Letting Go of the War With My Body
At some point, I realized I was tired.
Not tired from menopause. Not tired from work or poor sleep. I was tired from fighting my body.
For years, I treated my body like a problem to solve. There was always something to fix, a few pounds to lose, a different size to reach, a new plan to follow. The goalpost kept moving. Whenever I hit one target, another appeared to take its place.
Looking back, I spent a lot of time waiting to feel good about myself.
“I’ll feel confident when...” “I’ll wear that when...” “I’ll be happy when...”
The conditions were endless.
Then menopause arrived. Suddenly the old rules stopped working. The scale moved differently. Weight settled in new places. My body responded in ways I didn’t understand.
For a while, I doubled down. More restriction. More frustration.
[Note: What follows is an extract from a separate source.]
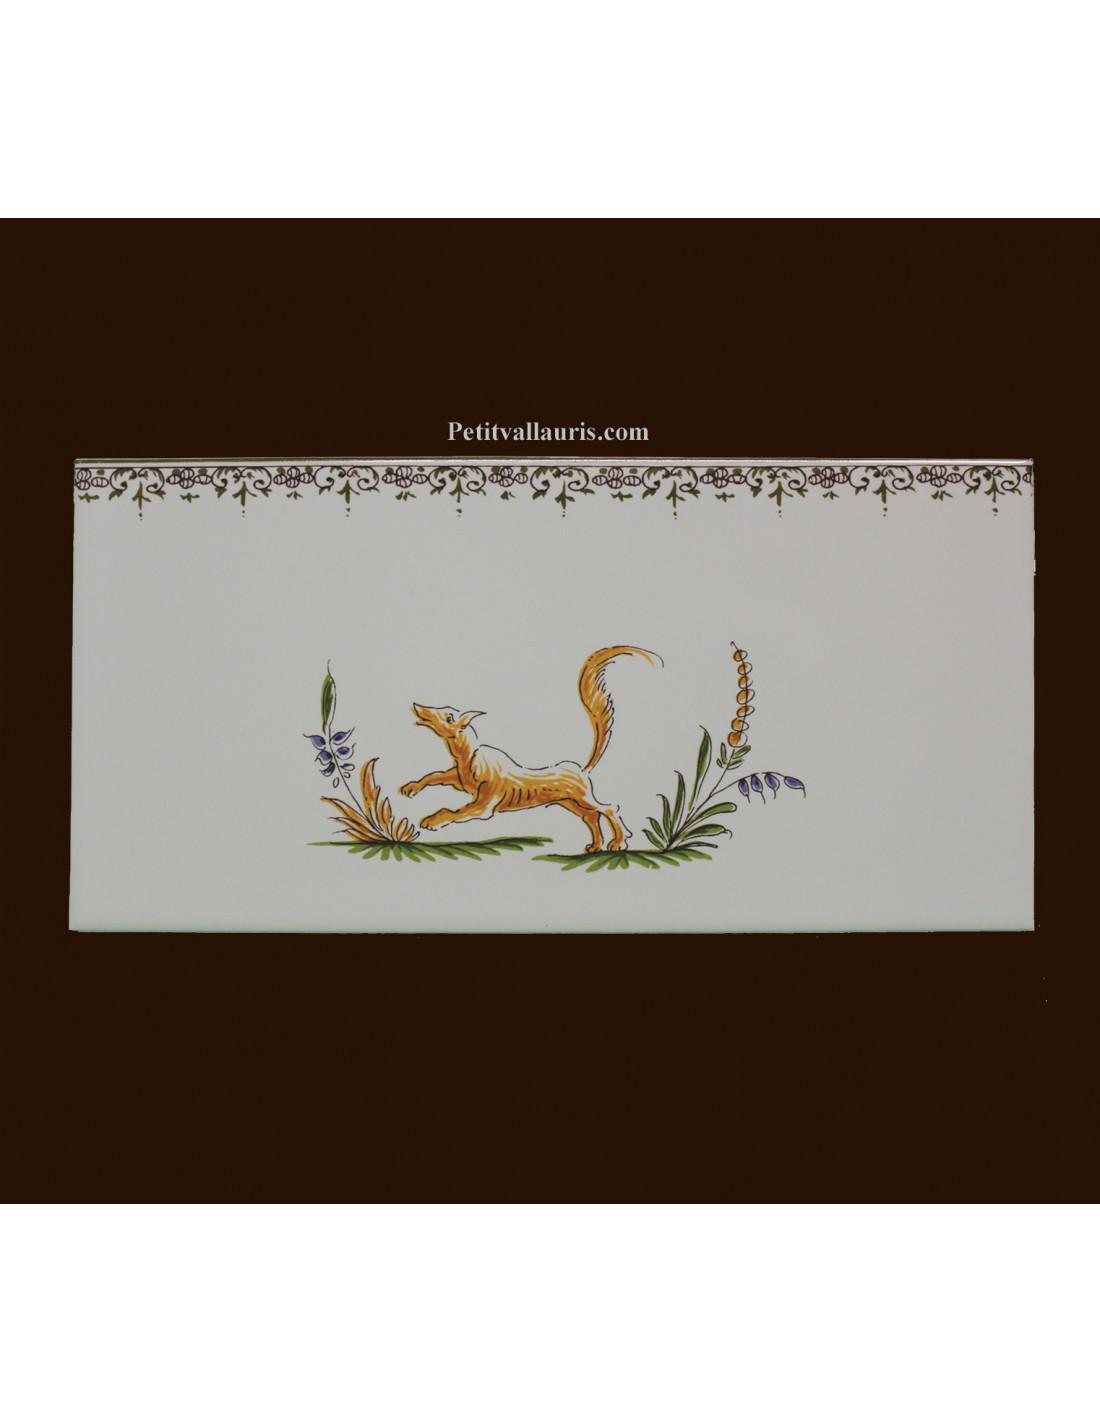 Carrelage 10 x 20 en faience d cor renard r f rence 2219 for Decoration renard

More disappointment. Nothing improved.
Eventually, I had to ask a difficult question.
What if the problem wasn’t my body? What if the problem was believing that my worth depended on controlling it?
That question changed everything.
The Cost of Fighting Yourself
Most women have spent decades absorbing messages about how their bodies should look. The magazine covers start early. The comments from family members stick around. Even compliments can become complicated.
“You look amazing. Have you lost weight?”
Over time, many women learn to connect smaller with better. Worth with weight. Progress with shrinking.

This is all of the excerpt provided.